The burden of proof was on the petitioner, and board members said they had not been persuaded of a change or mistake or that there was a trend to place gas stations in village centers. In Howard County, the county council also serves as the zoning board.
Russell Preisinger, a nearby resident and business owner, was disappointed with the decision.
"I live less than a mile from there, and it's a real inconvenience to go up to Route 40 to get gas," he said yesterday. "When you're in a hurry, an extra 10 minutes is a lot. That's an extra 20 minutes both ways."
Preisinger, who is co-owner of Mangia, a restaurant in the shopping center, and who owns nearby office space, also had looked to the proposed gas station to draw customers.
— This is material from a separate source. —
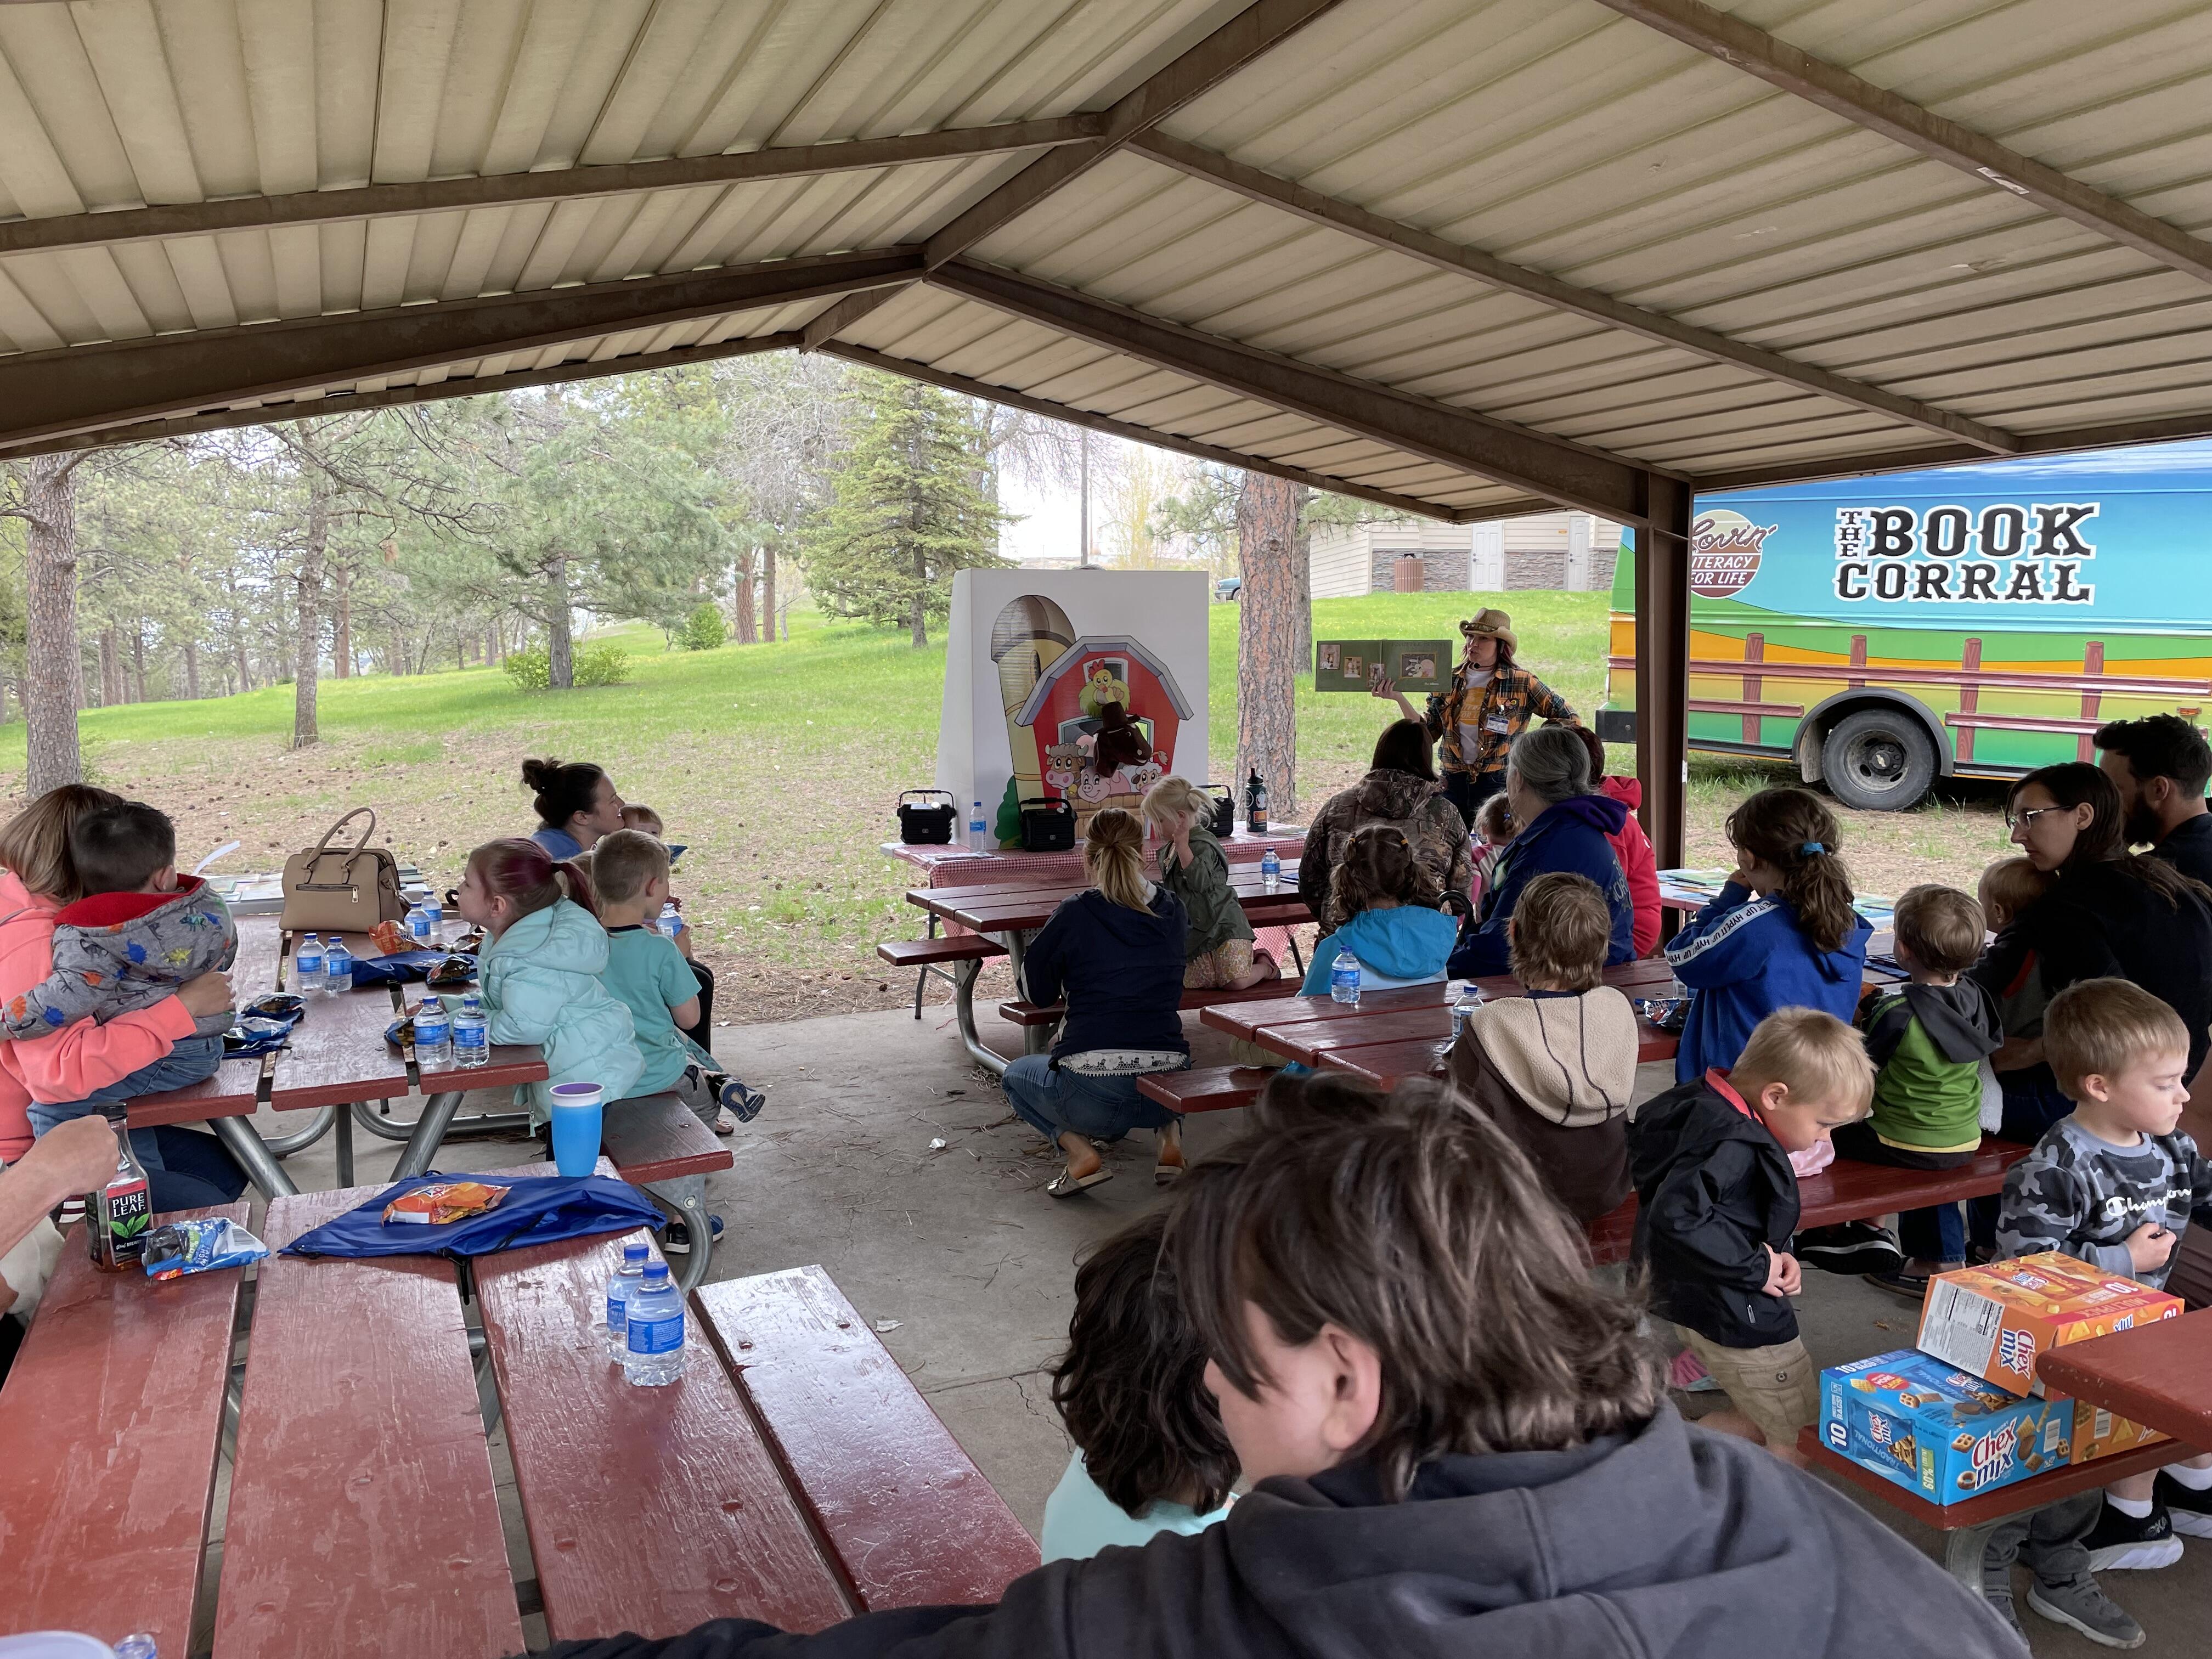 Students outside listening to story time during a reading rodeo

"I'm quite bummed in both ways," he said. "I have everything here. It's one thing we're missing is a gas station."
But Richard Futrovsky, a Waverly Woods resident who had testified against the project, was happy with the decision.
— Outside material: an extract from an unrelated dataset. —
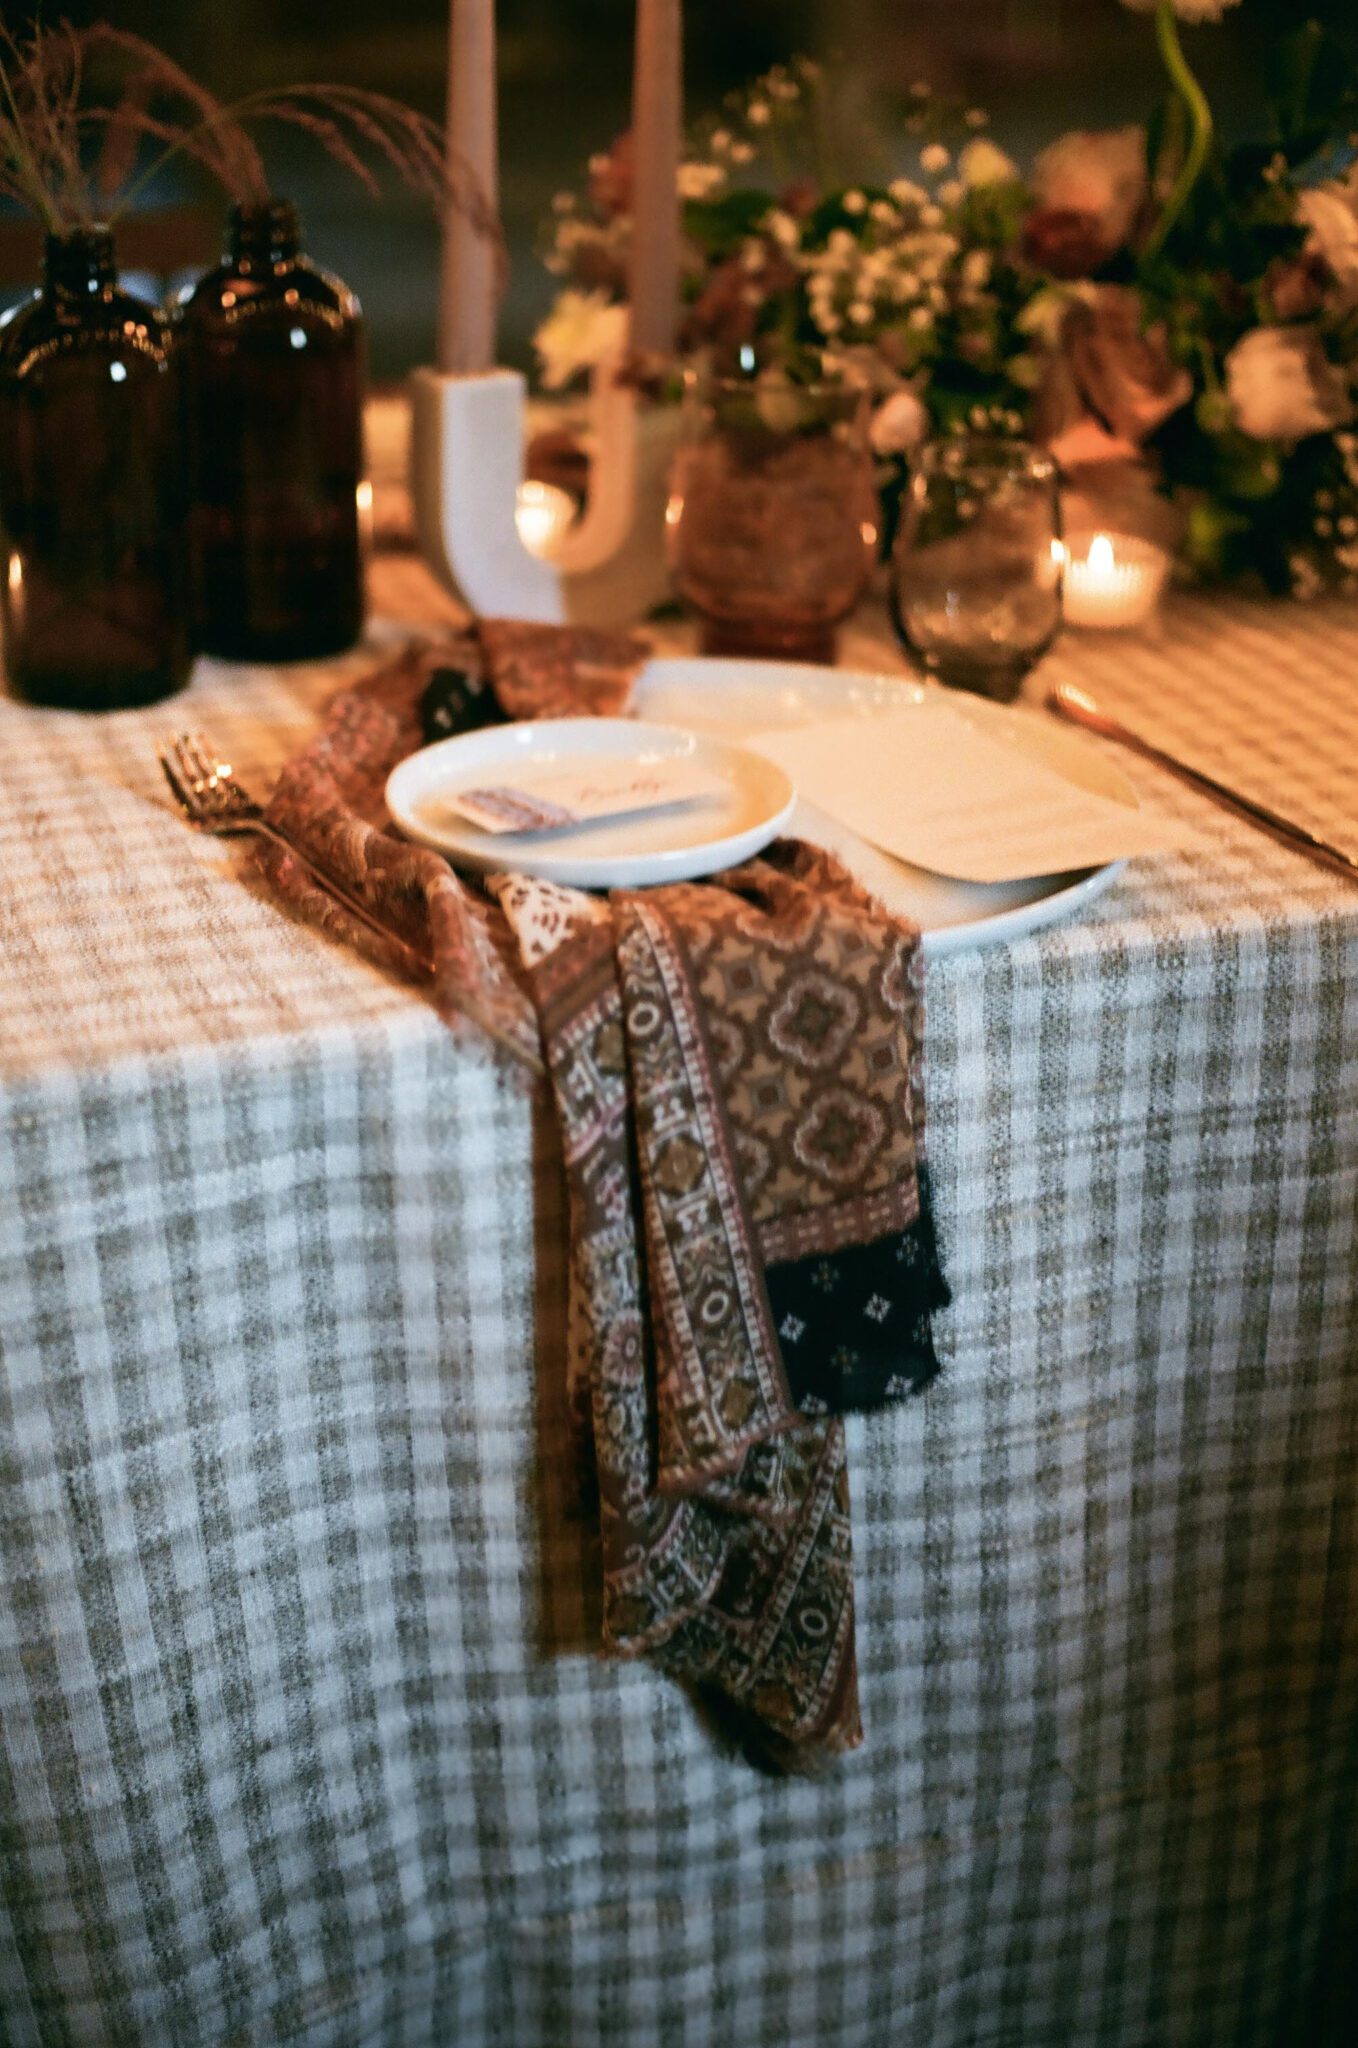 Country chic tablescape with patterned linen at wedding in Lethbridge, Alberta, moody candle-lit atmosphere.

"It shouldn't be there," he said in an interview yesterday. "It doesn't belong there. People didn't want it. ... It's not the type of business that you put in a shopping center that's in a residential neighborhood."
During a hearing last month, Joseph W. Rutter Jr., a principal with Howard County-based Land Design & Development Inc. who testified for the opposition, said Marriottsville Road is a more appropriate location for a gas station.
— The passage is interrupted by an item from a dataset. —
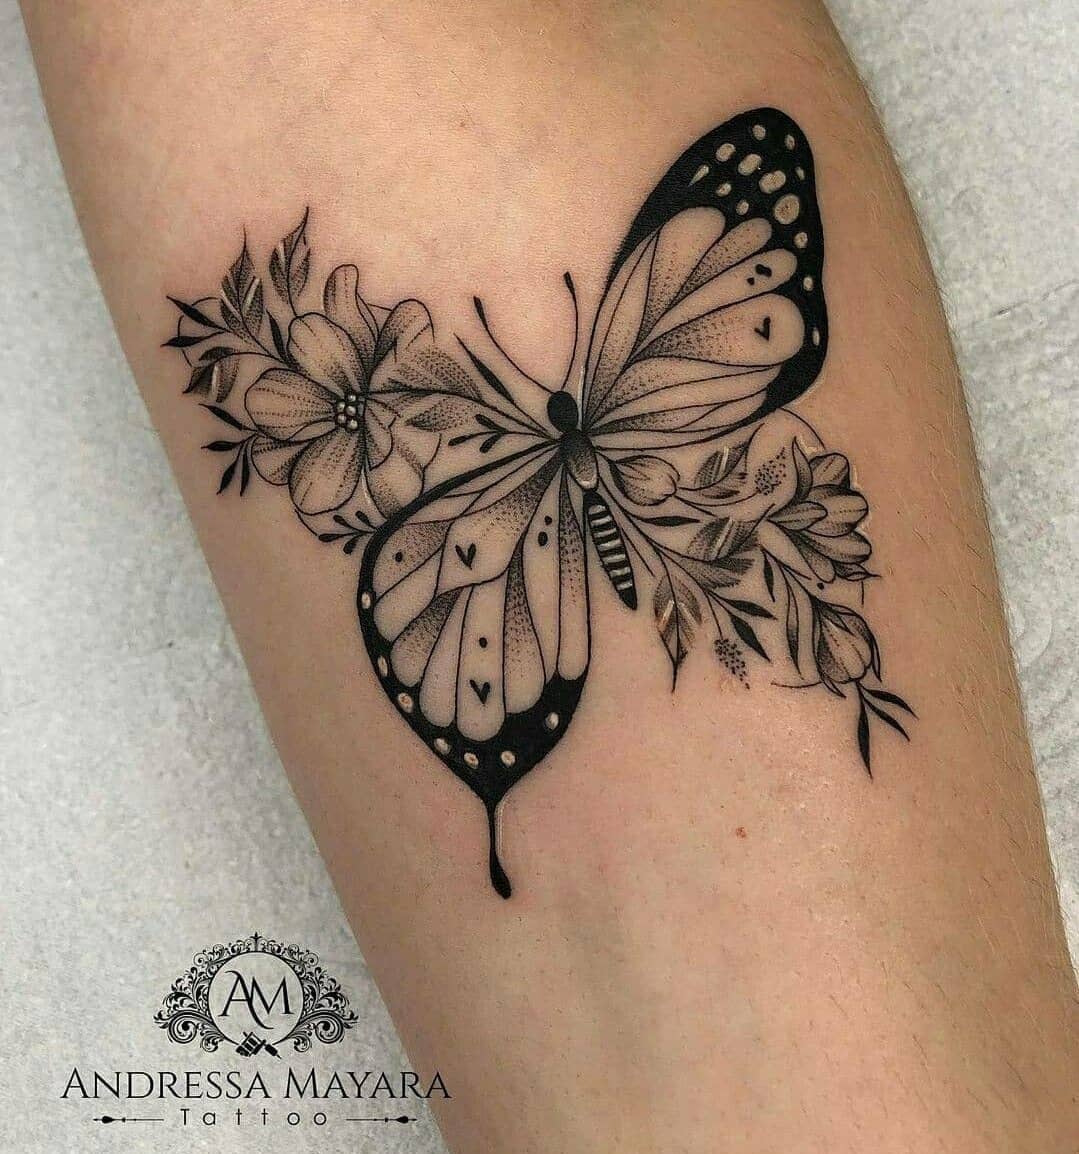 30+ Best Butterfly Tattoos Design You’ll Love To Get Next. Butterfly Tattoos with flowers

Levitan had argued that locating gas stations in village centers and shopping centers was a trend that began in the late '70s and continues today, because of people's interest in one-stop shopping.
Calvin Ball, whose district includes Oakland Mills Village Center, where a gas station closed several years ago, said that closure was evidence of an opposite trend.
"There were several opportunities to have other gas stations there," he said during the hearing. "I'm not convinced that the trend is to have gas stations in village centers."
The shopping center developers have said that if Convenience Retailing withdrew its zoning appeal to build a station at Warwick and Birmingham ways, Waverly Woods Development would be open to the construction of a gas station by them or someone else on property it owns on Marriottsville Road.
Levitan said yesterday that he would be interested in that idea.
"We tried to meet with GTW to work out a deal to build on their parcel on Marriottsville Road," he said. "They couldn't give us anything concrete."